Did the kubeconfig expire, or did the api-server creash? How can I check and debug this?

Ufder
  • 527
  • 4
  • 20
  • Did you try exporting the `KUBECONFIG` again? – Sibtain Feb 27 '23 at 18:30
  • I did, did not help! – Ufder Feb 27 '23 at 19:20
  • does `crictl ps -a | grep api` give you anything? If you see the container, check the apiserver logs using `crictl logs ` – Sibtain Feb 27 '23 at 19:33
  • Tried that too, any crictl command gives me: `WARN[0000] runtime connect using default endpoints: [unix:///var/run/dockershim.sock unix:///run/containerd/containerd.sock unix:///run/crio/crio.sock unix:///var/run/cri-dockerd.sock]. As the default settings are now deprecated, you should set the endpoint instead. FATA[0000] listing containers: rpc error: code = Unavailable desc = connection error: desc = "transport: Error while dialing dial unix /var/run/dockershim.sock: connect: no such file or directory"` – Ufder Feb 27 '23 at 20:17

1 Answers1

0

From your error, we don't see any authentication issue. However, your error message mentions the Kubernetes API server is refusing your connection.

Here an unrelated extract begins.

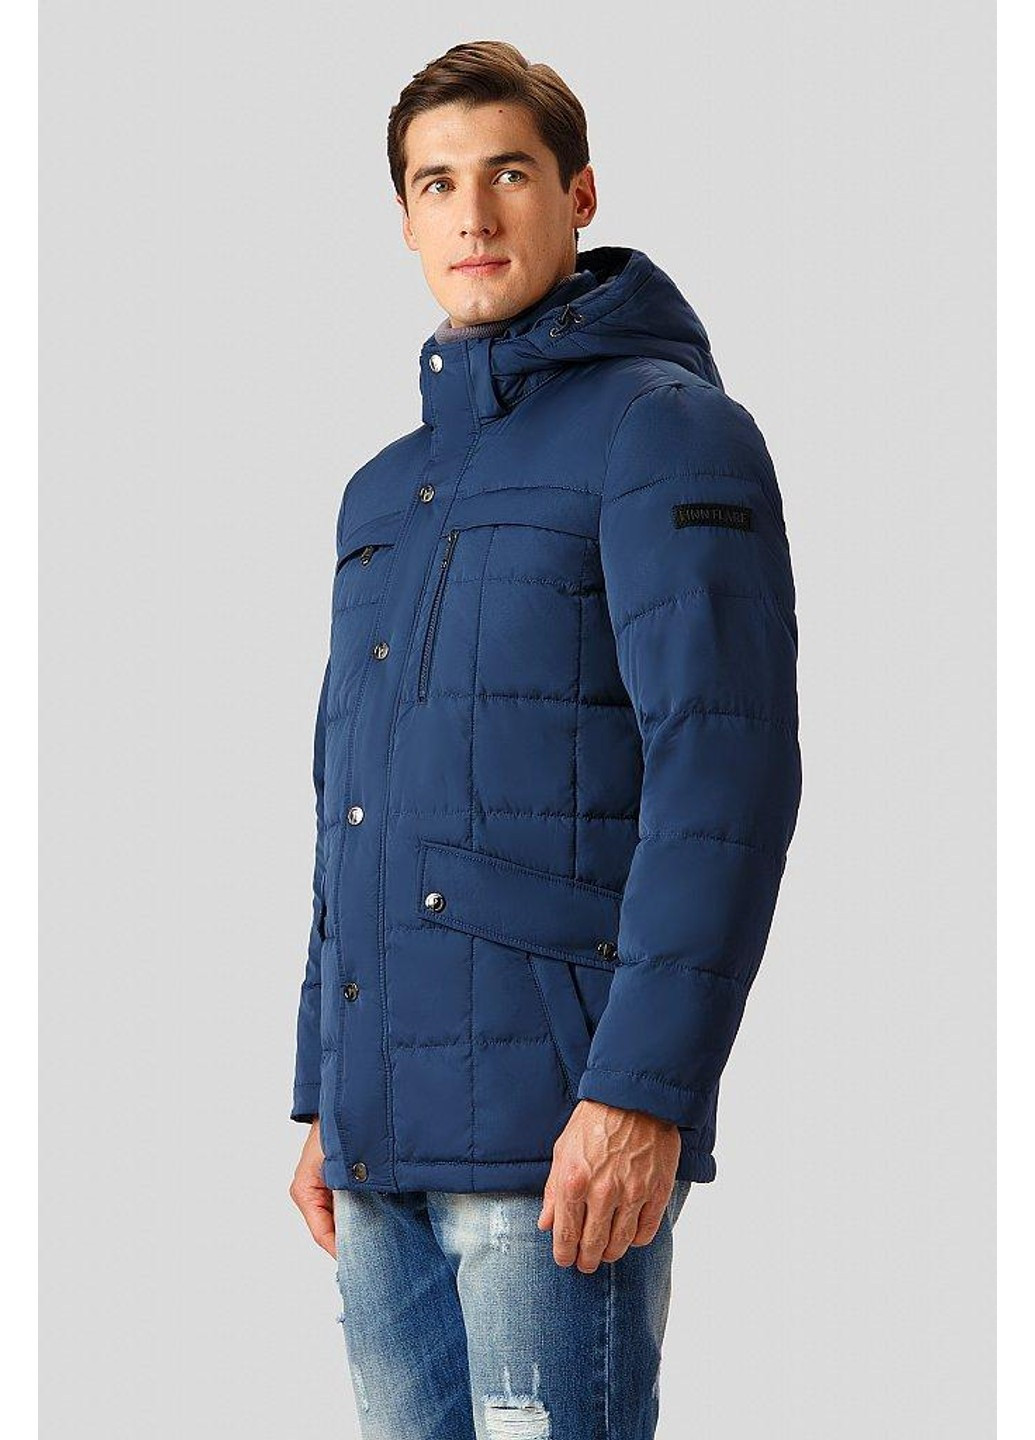 Синяя зимняя зимняя куртка w18-21003-114 Finn Flare

First thing I would check: does foo.bar.com (from your error: foo.bar.com:6443) resolve to your control plane node? No issues with your DNSes? You didn't add some loadbalancer? If yes => check that one first: is service started, are backends healthy, ...?

Then, as suggested by @Sibtain in comments, the next step would be to check the container that runs that service. There should be some kube-apiserver, showing in crictl ps -a. Locate the last-started (first-listed) container matching that name and check its logs. This might help you figure out why it's currently down.

You could also check for the kubelet service (systemctl status kubelet, journalctl -fu kubelet), as it is the one that would be tasked to start and restart the kube-apiserver, kube-controller-manager & kube-scheduler services, should anything happend.

You may check for the etcd service as well. As from kube-apiserver perspective, the only hard dependency is its etcd database. According to one of linuxtechi's screenshot, your etcd should run as a container as well: same as kube-apiserver, crictl ps -a, crictl logs, make sure container is still running.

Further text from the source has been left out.